En 1513, llamado por Giuliano dei Medici, hermano del nuevo papa León X, Leonardo partió a Roma. Allí se entregó fundamentalmente a los estudios científicos y anatómicos. Estos últimos los llevaba a cabo en el Hospital de la ciudad, de noche y a ocultas, pues se atribuían prácticas mágicas y sacrílegas al estudio de los cadáveres. Un tal Giovanni Tedesco, envidioso de las simpatías que despertaba en Giuliano dei Medici, sembró la maledicencia, y acabaron por impedirle entrar en el Hospital. Giuliano evitó que sucediera algo peor, pero cuando este dejó Roma, en 1515, también Leonardo lo hizo. Con tristeza partió luego a Amboise (1516), donde, aunque se le paralizó la mano derecha, siguió con el estudio de las aguas, ahora pensando en la canalización del Loira, y escribió un ensayo y extensas notas sobre el diluvio, donde enfocaba el proceso bíblico desde sus observaciones, adelantando al menos en dos siglos la tesis de la geología moderna.

En Roma había estado enfermo por la intensidad de su trabajo. La fosa del Castel Sant’Angelo le había dado pie a observaciones sobre acústica, los jardines del Vaticano, a investigaciones zoológicas y botánicas y a experimentar con el vuelo de los pájaros. Alto, siempre más alto, lo llevaba aquel ave madrina. De este periodo data su conocido autorretrato, que, se ha dicho, se corresponde con el rostro de Platón de la Escuela de Atenas, de Rafael, también de estos años. Esta perpetua ampliación de horizontes fue dando asombrosos resultados, casi secretos: en Milán, La última cena lo llevó a la escritura del Tratado de luz y sombra, el proyectado monumento a Sforza al Tratado sobre la anatomía del caballo y sobre los métodos de fusión en bronce, las obras de arquitectura civil y militar a los estudios sobre hidráulica y al Tratado del movimiento local, de las percusiones y pesos de las fuerzas todas.

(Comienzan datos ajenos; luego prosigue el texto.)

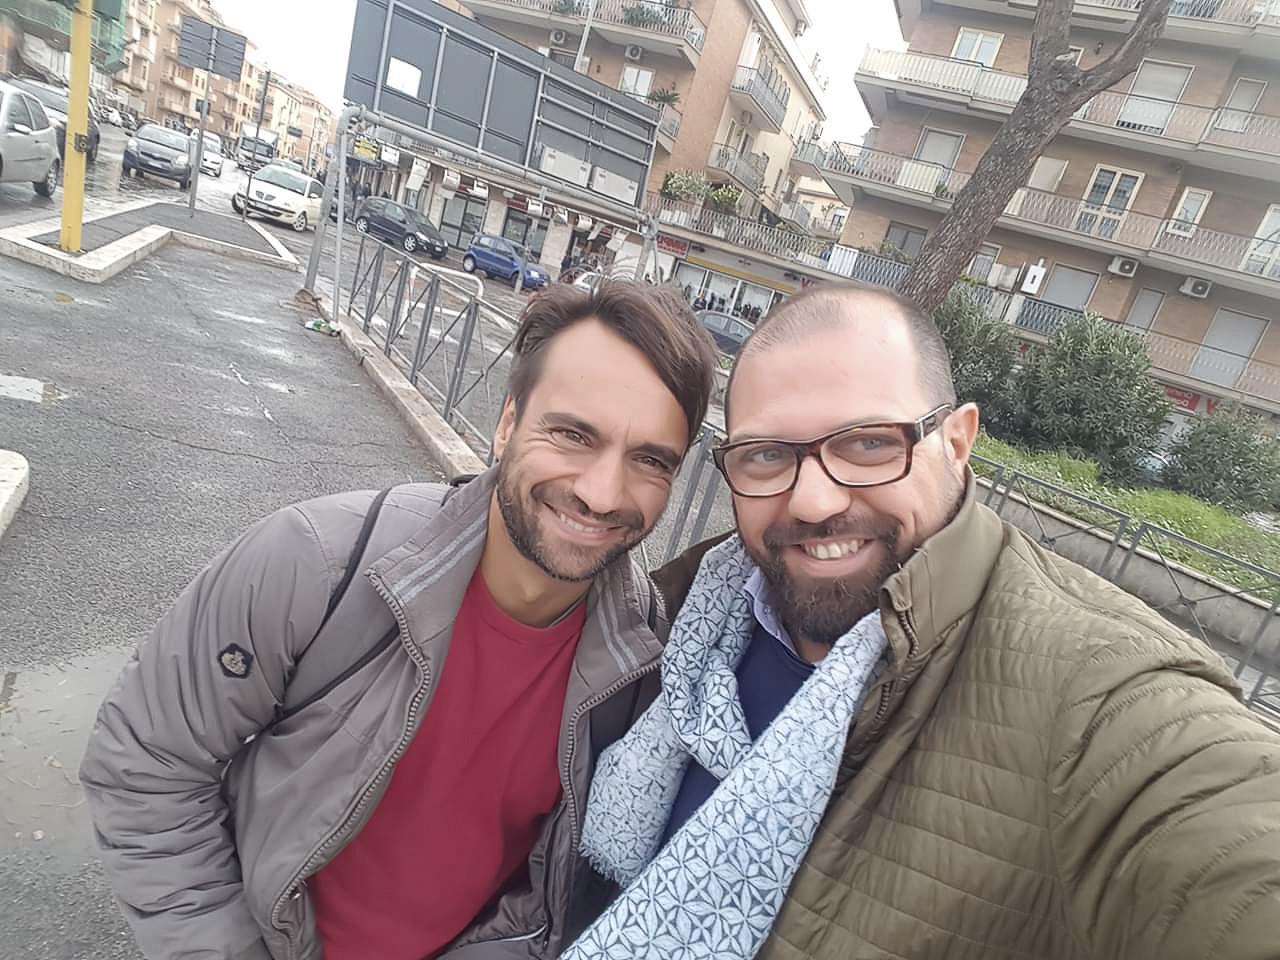 Corrado Cavarra e Daniele Nardi

En Florencia, tras iniciar con entusiasmo la Batalla de Anghiari, la abandonó, lo mismo hizo con Adán y Eva, la Cabeza de Medusa y la Adoración de los Magos. Otros intereses lo requerían: de 1504 data el Códice sobre el vuelo de los pájaros, de 1505 la obra matemática en torno a las secciones esféricas, los estudios de perspectiva (empezados en 1482), los de anatomía (nunca abandonados desde 1489), los de mecánica, y, desde 1500, los trabajos para la canalización del Arno, por no mencionar que llegó a resultados decisivos en otros campos de la ciencia: meteorología, geografía, botánica, física, astronomía, fisiología y matemáticas, sin contar sus escritos literarios, sobre las artes y sus apuntes filosóficos. La cantidad de textos reunidos llegó a ser tal que, en un momento dado, Leonardo sintió la necesidad de reordenarlos. Sin duda en su rostro también entonces se esbozó una sonrisa al ver todos aquellos papeles donde se encerraban descubrimientos sorprendentes escritos de modo no descifrable de primer intento. ¿Podía decir abiertamente, por ejemplo, que para él el alma y Dios no son objeto de ciencia porque son cose improbabili? Sí, él no se movía con prejuicios teológicos, ni hacía caso de las escrituras ni la autoridad de los filósofos escolásticos, él liberaba el pensamiento de servir al dogma.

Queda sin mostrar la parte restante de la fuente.